Now I’m all sorts of curious. “Wow, that sounds like a nightmare.” But God, do I get it. For the last ten years, I’ve tortured myself with what-ifs and felt that gullible was my middle name. I can never tell Anna that, though.

“It was.” Her breath shudders out. “I’m glad I’m out of it. The control got worse and worse the more successful I got. He would turn up unexpectedly, raging, and message me over and over again if I was anywhere without him. Arty was supposed to be my attempt to have a more normal relationship, whatever that means. Now all I’m thinking is I’m done with men forever.”

A slight tremor runs through her hand as she lifts her coffee cup to her lips and takes a sip. “I don’t believe in love anymore,” she adds, then laughs. “If I ever did.

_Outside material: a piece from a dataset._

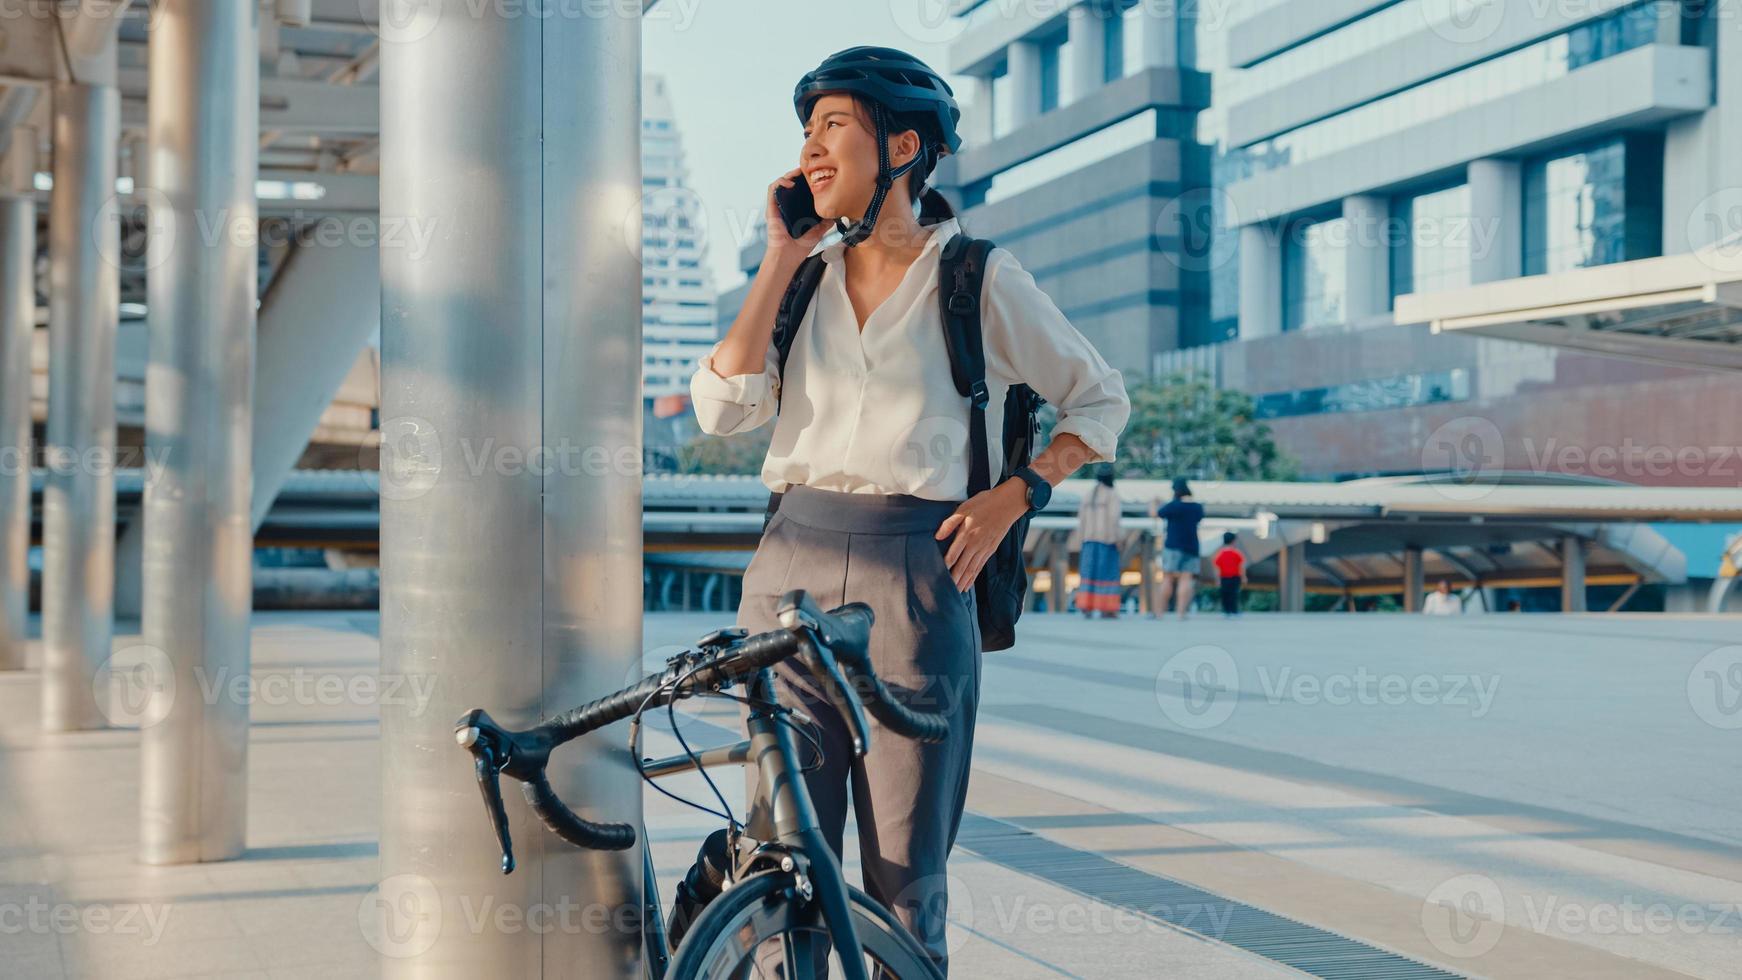 donna d'affari asiatica con zaino prendere cellulare parlare sorridente orologio smartwatch in strada della città andare a lavorare in ufficio. ragazza sportiva usa affari telefonici. andare al lavoro in bicicletta, pendolare d'affari in città. foto

I think I’m destined to be on my own.”

That’s a crime for a woman as lovely as Anna. But, God, how does this whole conversation mirror my own experience in the scariest ways? “Don’t beat yourself up or think you were gullible. People can be so convincing.”

She eyes me for a second, then says, “Somehow I need to get …” She hesitates. “… Back to my normal self. Does that make sense?”

“Absolutely. I dated a woman at college who was very difficult. Demanding.” I stare off down the path snaking through the trees, the noise of the city distant and buried. “I don’t think I’ve ever sorted out what was real and what wasn’t from that relationship.”

Anna smiles up at me. “Sounds complicated.”

“Yeah. Yeah, it was.” God, I don’t want to talk to Anna about how fooled I was. “I’ve got a company that’s struggling, so I am totally down with uncomplicated.”

I’ve kept my head down and focused on my business for the last ten years. I wouldn’t say I was lonely exactly. I have great friends and an amazing team, but I’m aware I’m on my own, in every sense of that phrase.

She gives me a big, genuine smile and holds out her hand. “Friends?”

She doesn’t seem to mind that I haven’t explained more, and the warmth of the space she’s giving me to breathe percolates through my body.

I take her small warm fingers in my hand. “Definitely.”